The media loves to say Trump's support is fueled by economic anxiety. But race, religion, and immigration are far more closely tied to his support.


You can ask just one simple question to find out whether someone likes Donald Trump more than Hillary Clinton: Is Barack Obama a Muslim? If they are white and the answer is yes, 89 percent of the time that person will have a higher opinion of Trump than Clinton.


That’s more accurate than asking people if it’s harder to move up the income ladder than it was for their parents (54 percent), whether they oppose trade deals (66 percent), or if they think the economy is worse now than last year (81 percent). It’s even more accurate than asking them if they are Republican (87 percent).

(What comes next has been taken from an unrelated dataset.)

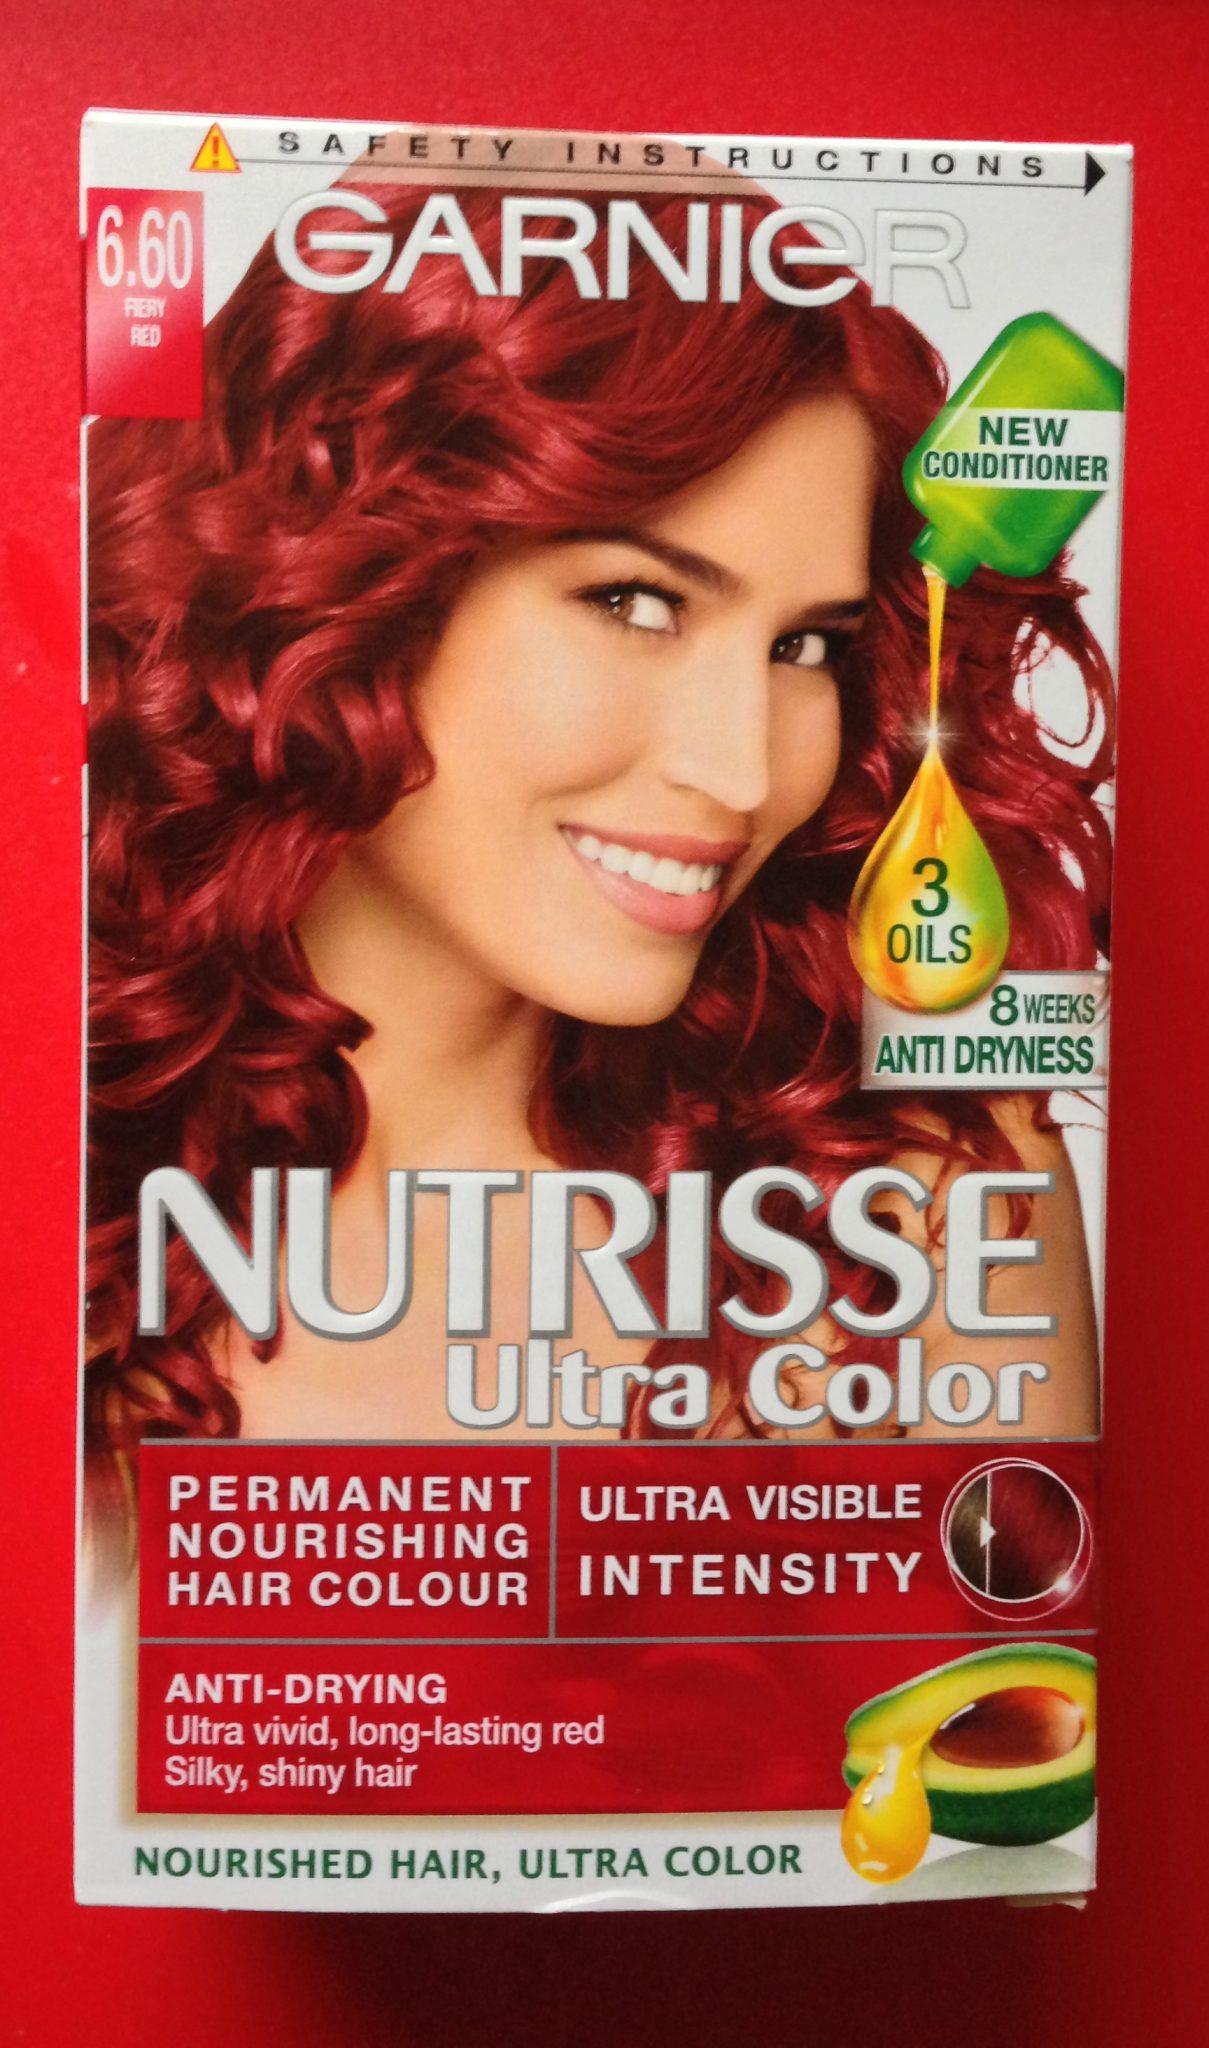 Review Garnier Nutrisse Ultra Color Fiery Red 660 30somethingmel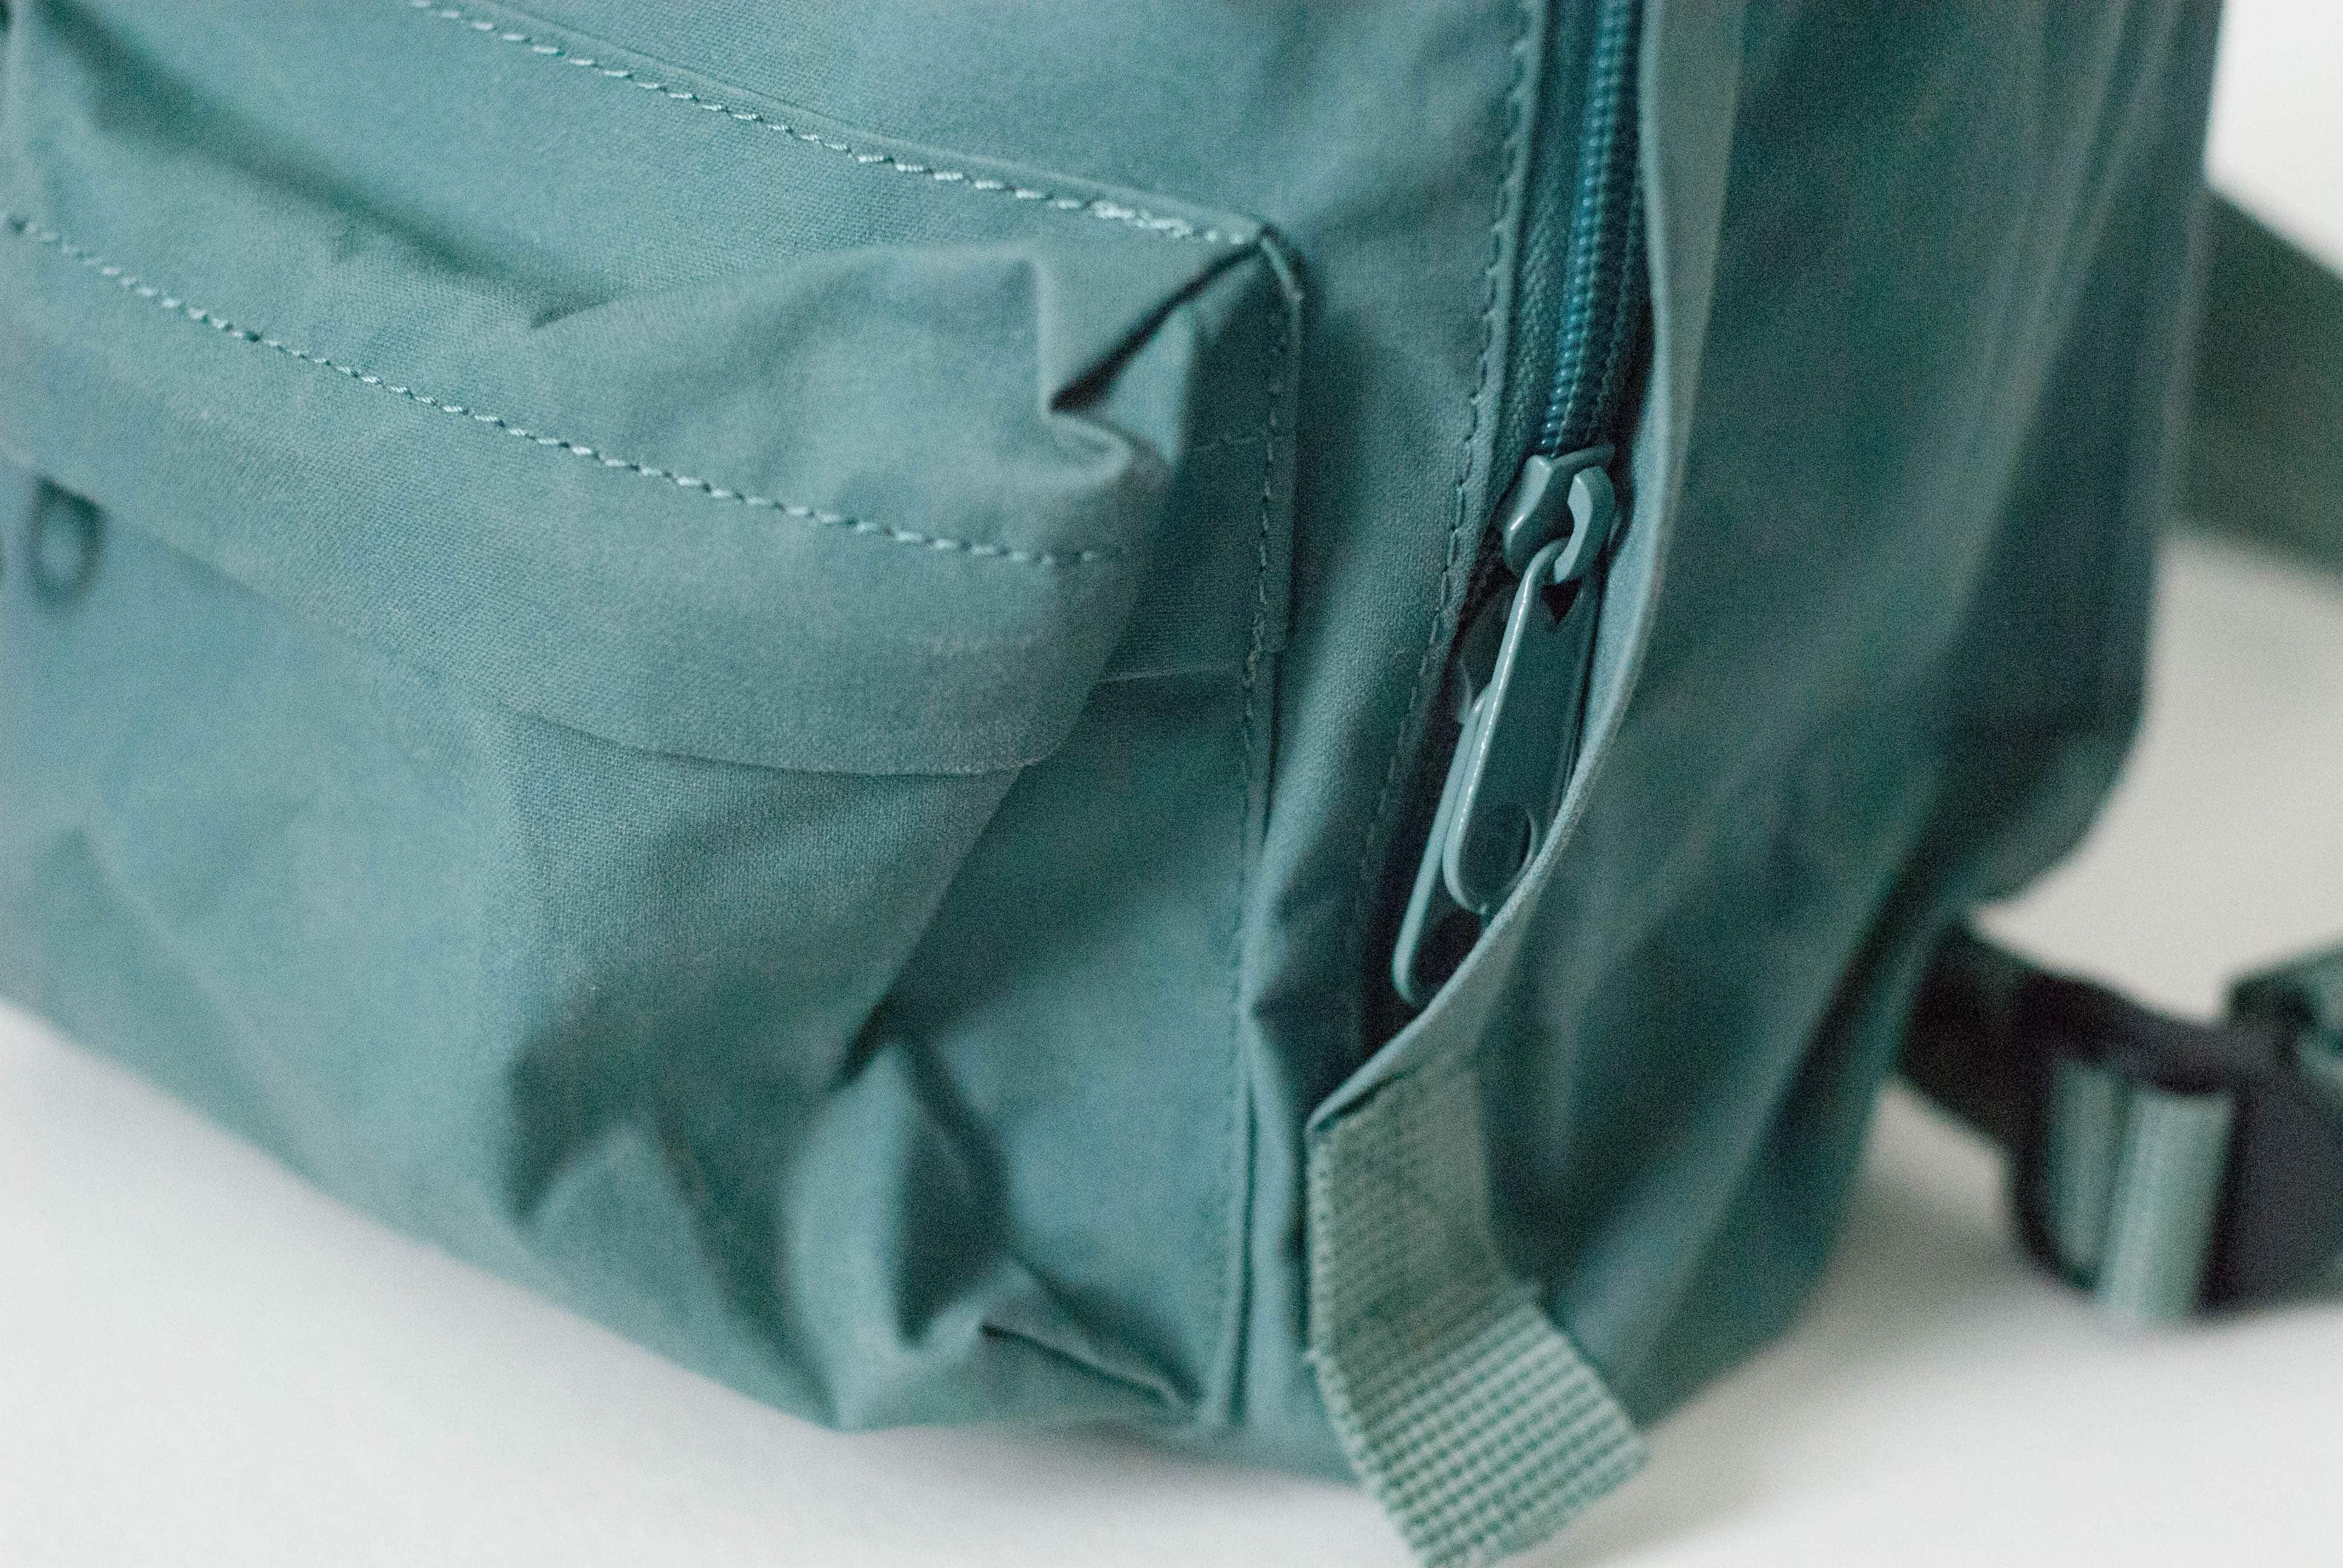 Fjallraven Kanken Mini Zipper and Front Pocket Detail

Those results come from the 2016 American National Election Study (ANES) pilot survey. My analysis indicates that economic status and attitudes do little to explain support for Donald Trump.


These results might be rather surprising since most political commentators have sought to root Trump’s appeal in the economic anxieties of working-class whites. As George Packer recently wrote in the New Yorker:


The base of the [Republican] Party, the middle-aged white working class, has suffered at least as much as any demographic group because of globalization, low-wage immigrant labor, and free trade. Trump sensed the rage that flared from this pain and made it the fuel of his campaign.


Other analysts, however, have found that support for Trump is rooted in animosity and resentment toward various minority groups, especially African Americans,immigrants, and Muslims.


So which is the key factor in explaining Trump support? I believe it is the latter, based on my analysis of the data from the 2016 ANES.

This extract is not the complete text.